The MP Van Vibhag is a state government department — a state public authority under Section 2(h) of the RTI Act. Second appeals against all state public authorities in Madhya Pradesh must be filed before the Madhya Pradesh Information Commission (MPIC). The Central Information Commission (CIC) has no jurisdiction over any MP state government body, including the Van Vibhag, DFOs, Field Directors, or the PCCF's office. A second appeal sent to CIC for an MP Forest Department matter will be dismissed or returned without a hearing. MPIC is the sole and correct second-appeal forum.
Second appeals to MPIC may be filed online through its official portal, by post, or in person at the MPIC office in Bhopal.
Penalty for Non-Compliance — Section 20
If MPIC finds that a CPIO failed to comply with the RTI Act without reasonable cause — by not responding within the statutory period, providing false or misleading information, or wilfully obstructing the supply of information — it can impose a penalty of ₹250 per day on the CPIO personally, up to a maximum of ₹25,000. MPIC can also recommend disciplinary action under the applicable state service rules.
Practical Tips
- For encroachment queries, ask for the beat-level encroachment register, not just summary figures. The beat-level register is the primary document; summary figures in division reports are sometimes manipulated. Ask for the register and cross-check against the summary.
- For FRA claim queries, file with both the DFO's office and the District Collector's DLC simultaneously. The Forest Department holds its own objections; the DLC holds the claim proceedings and final order. Filing with both provides a complete picture of where a claim has been stalled and what role the Forest Department played.

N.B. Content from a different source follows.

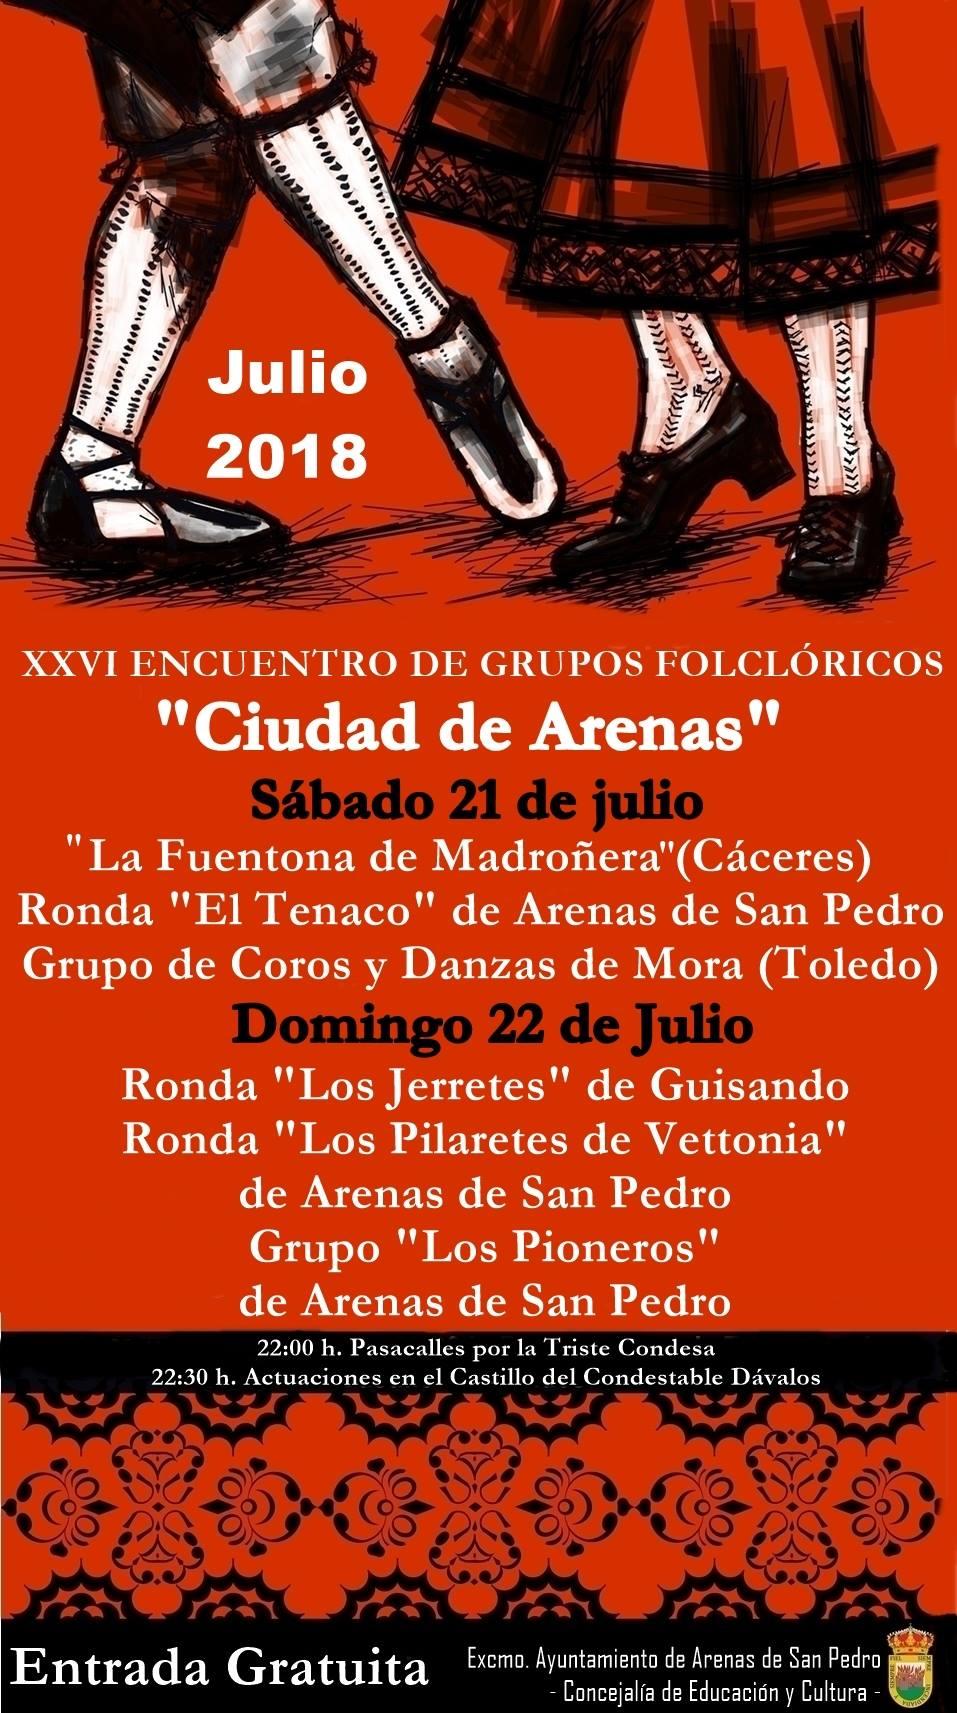 XXVI Encuentro Folclorico Arenas de San Pedro

- For CAMPA fund utilisation, always ask for the survival rate assessment report. The survival rate of planted saplings is the key performance metric; CAMPA guidelines require annual assessments. A division that shows large expenditure on afforestation but has never produced a survival rate report is a significant red flag.
- For wildlife crime FIRs, specify the section of the Wildlife Protection Act, 1972 under which the FIR was registered, if known. This helps the CPIO retrieve the correct document. Offences involving tigers, leopards, elephants, and other Schedule I species are registered under Section 51 of the Wildlife Protection Act.
- For eco-tourism revenue, ask for the record of funds deposited in the 'Tiger Conservation Foundation' or equivalent trust account, if one exists for the reserve. Many tiger reserves route eco-tourism revenue through a trust or society that is a separate public authority for RTI purposes; filing with both the Field Director and the trust covers all revenue pathways.
- Use rti.mp.gov.in, not rtionline.gov.in, for all MP Van Vibhag applications. rtionline.gov.in is the Central Government portal. Using the wrong portal causes delays, as the application will need to be forwarded or refiled.
- If seeking data about NTCA directives or tiger estimation methodology, file a separate RTI with NTCA via rtionline.gov.in. NTCA and MoEFCC are Central Government bodies; their records are not held by the MP Forest Department and must be obtained through the Central Government portal with the second appeal to CIC.
- Claim the BPL fee exemption if eligible. Tribal families in MP's forest fringe villages are among the most frequent RTI applicants on FRA and encroachment issues, and many hold BPL cards. Under Section 7(5), they owe no fee and cannot be charged for record inspection.